Well, there is an actual animal like that, the wolverine (Gulo gulo).
Wild wolverine in Finland. Image: pixabay
The wolverine is a great example of an opportunistic predator and scavenger. It will feast on anything it stubles on, taking huge advantage of any opportunity given.. While most of the time it’s looking for smaller prey and carrion, it can take down ungulates much larger than itself such as reindeer. It’s also a scavenger, with a very acute sense of smell, capable of detecting carcasses covered up by snow with great accuracy.
With frost and water resistant fur and paws of very large size, that help them to stay on top of deep snow, its anatomy is greatly adjusted to the conditions of arctic and boreal forests.

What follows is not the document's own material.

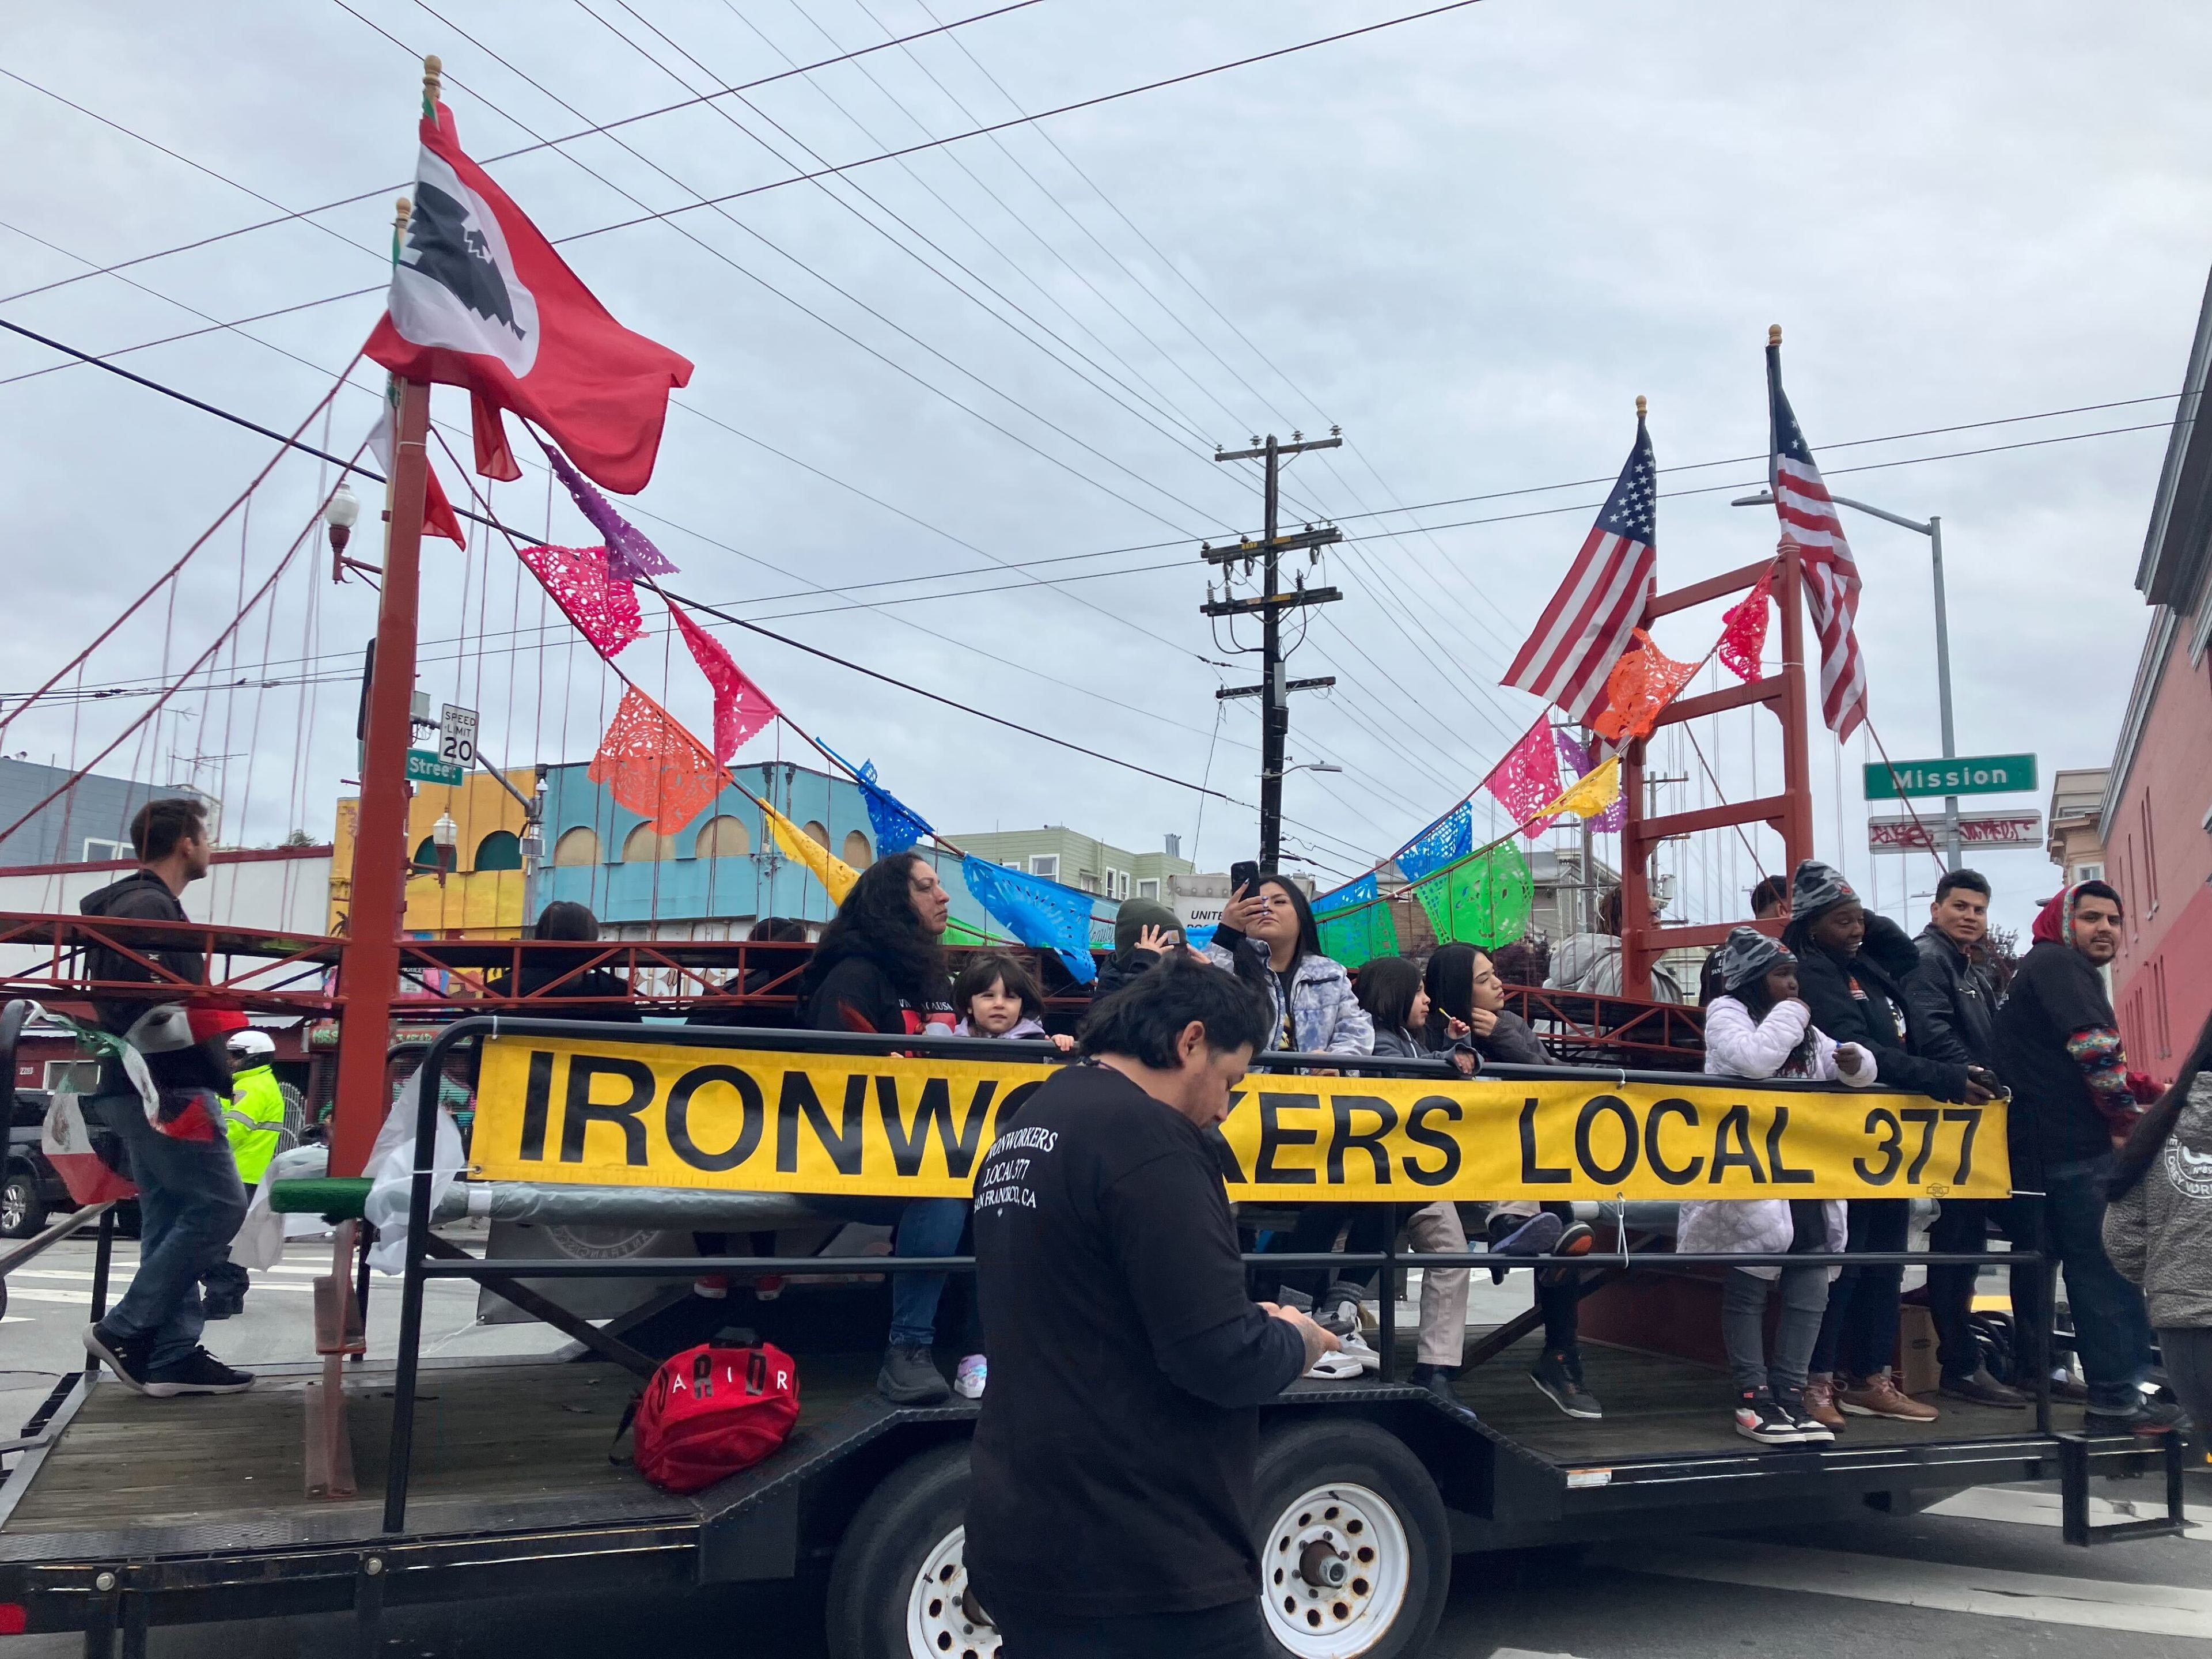 A parade float with people, flags, and a "IRONWORKERS LOCAL 377" banner, moving through a street.

Its lifestyle and habits are reflected in the skull and dentition. When compared to their closest relatives, it posseses enormously enlarged carnassials (P4 and m1) to crush bones and also, the upper molars are rotated in 90° angle which enables them to tear off frozen solid meat. Overall, the skull looks like that of an absolutely formidable predator.
The wolverine is a member of Mustelidae, that means that it’s basically a giant marten or a weasel rather than a small bear. The members of the weasel family are known to have absolutely enormous capabilities relatively for their body size, which is only confirmed in this species.
To look a little bit at its background and history, among mustelids, the wolverine is most closely related to martens (Martes) and fisher (Pekania). Together forming the subfamily Guloninae. To whose of these is the wolverine more closely related isn’t 100% sure. It’s likely that their common ancestor looked similar to the fisher Pekania occulta.
I had the idea of reconstructing some of its ancestors, or closely related extinct species. What came to my interest, is this fragment of the lower jaw of the ancestor of wolverine, being classified in its own species Gulo schlosseri, from Żabia cave in Poland.
To highlight the proportions and life appearance of this animal with the best possible accuracy, I combined this material with skeleton of modern wolverine, which gave me a good base for my drawing.
With a decent “strolling” pose and proportions, the muscles were added very roughly. I chose it yawning, to show its stunning hypercarnivorous dentition mentioned above.
Since the animal, in life would be all covered in fur, no muscular anatomy would be visible. This has made the job a bit easier. Here’s the outline of it.
Then, the details…
And finally, coloration. Althought color variations in individual wolverines can be suprisingly variable, for this one, I chose more darkly-toned individual. Perhaps, all these populations were darkly colored because of their shared ancestry with the fishers (Pekania)? This is a matter of speculation :).
Here we have it. The reconstruction of Gulo schlosseri, an ancestral wolverine from Early Pleistocene. Acting more or less like its living descendants, it surely would have been an amazing experience encountering one of these in their natural habitat.